▶ _Exercise_
Would you transcribe the records below from the line with "Catit - Catit Senses 2.0 Grass Planter" to the line with "Sonriente joven barbudo", ends included, exactly and with nothing more, leaving the pictures out?

▶ _Source records_
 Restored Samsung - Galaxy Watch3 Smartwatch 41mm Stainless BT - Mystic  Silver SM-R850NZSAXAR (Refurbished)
--
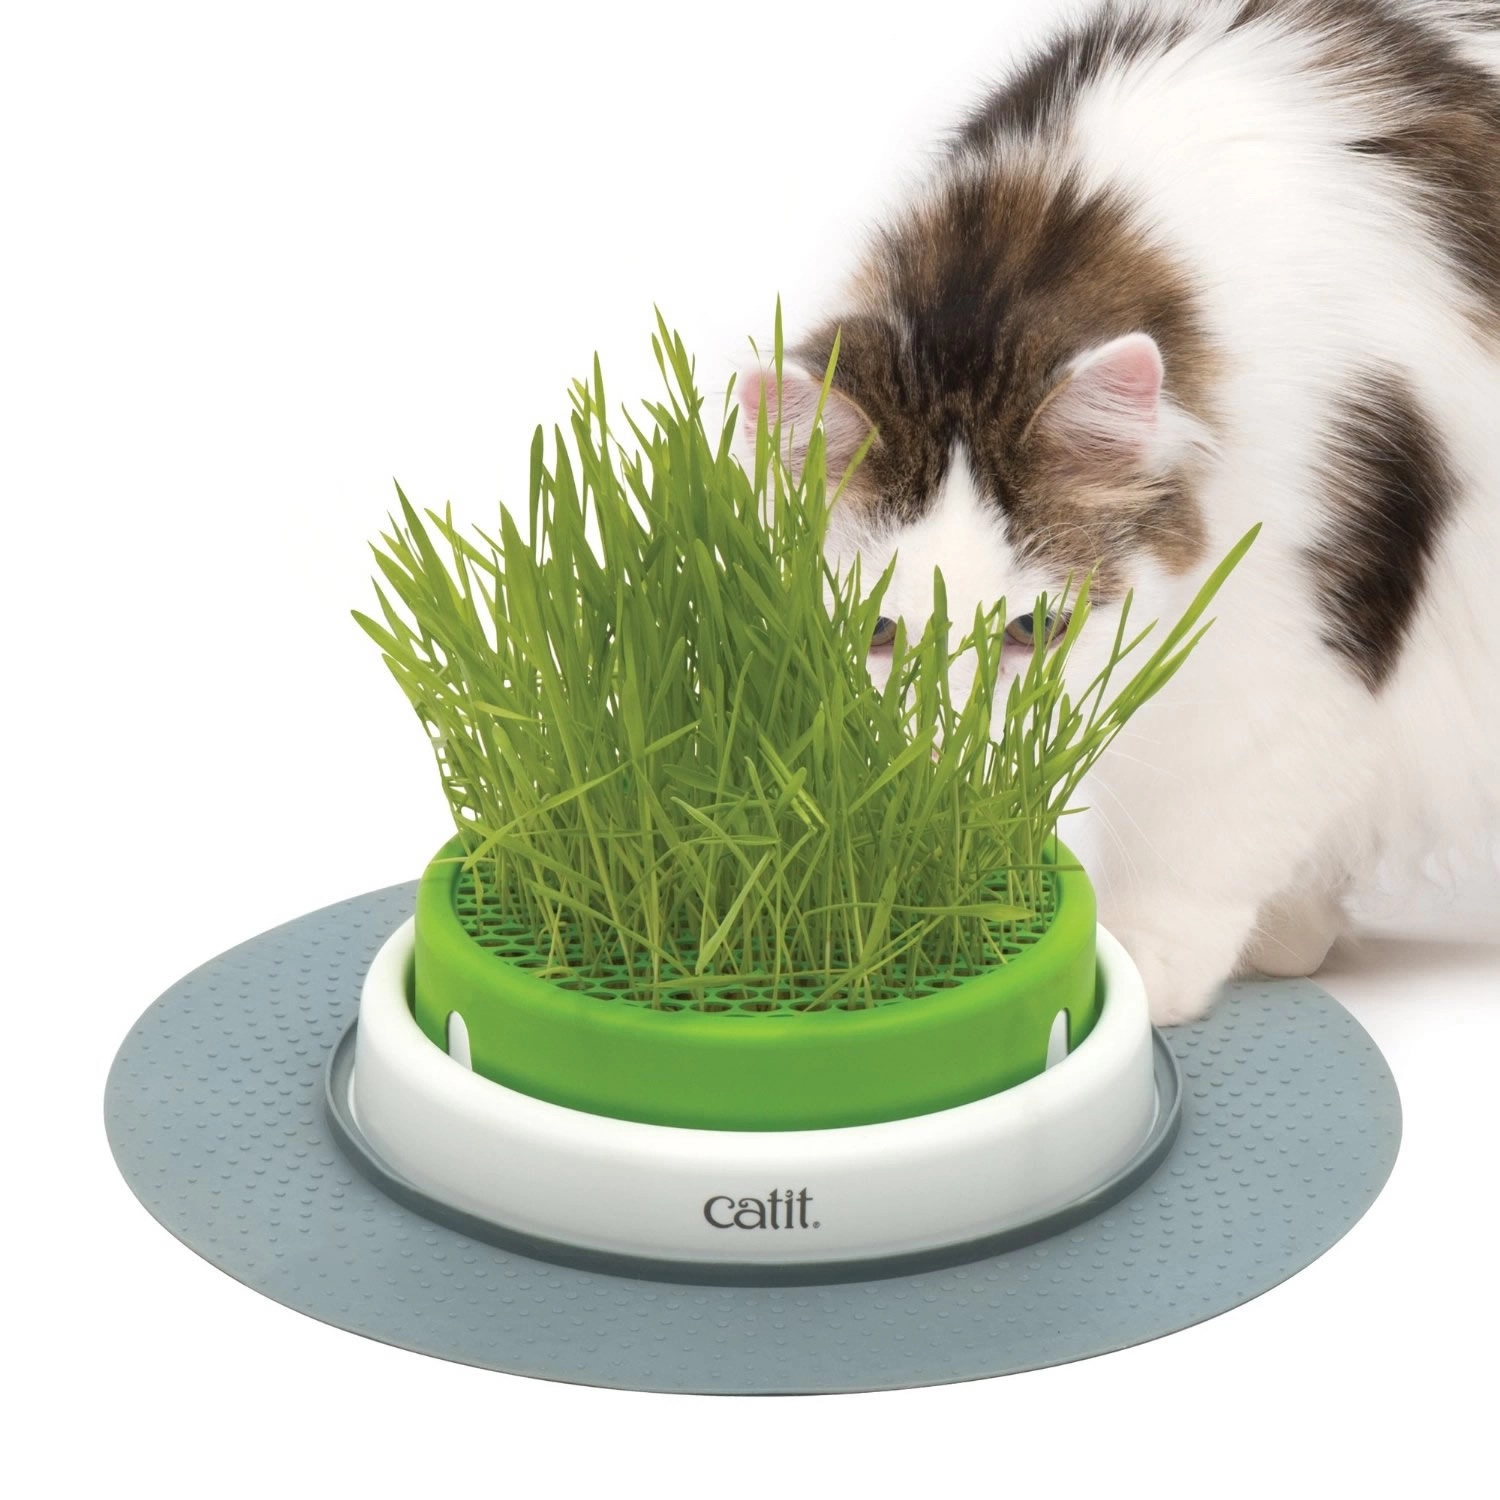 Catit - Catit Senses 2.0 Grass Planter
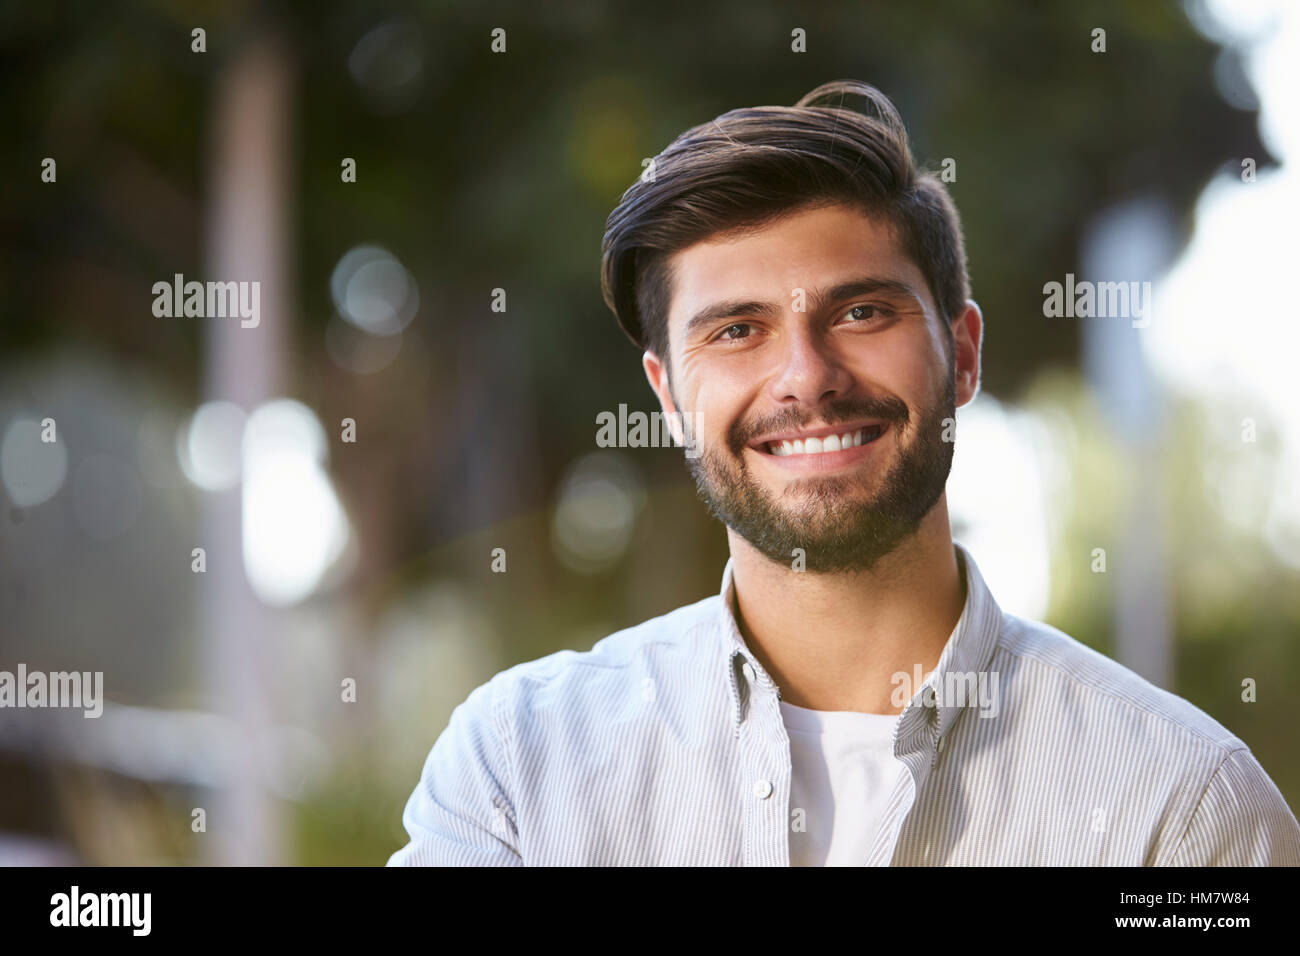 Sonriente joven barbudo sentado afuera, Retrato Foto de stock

▶ _Task result_
 Catit - Catit Senses 2.0 Grass Planter
 Sonriente joven barbudo sentado afuera, Retrato Foto de stock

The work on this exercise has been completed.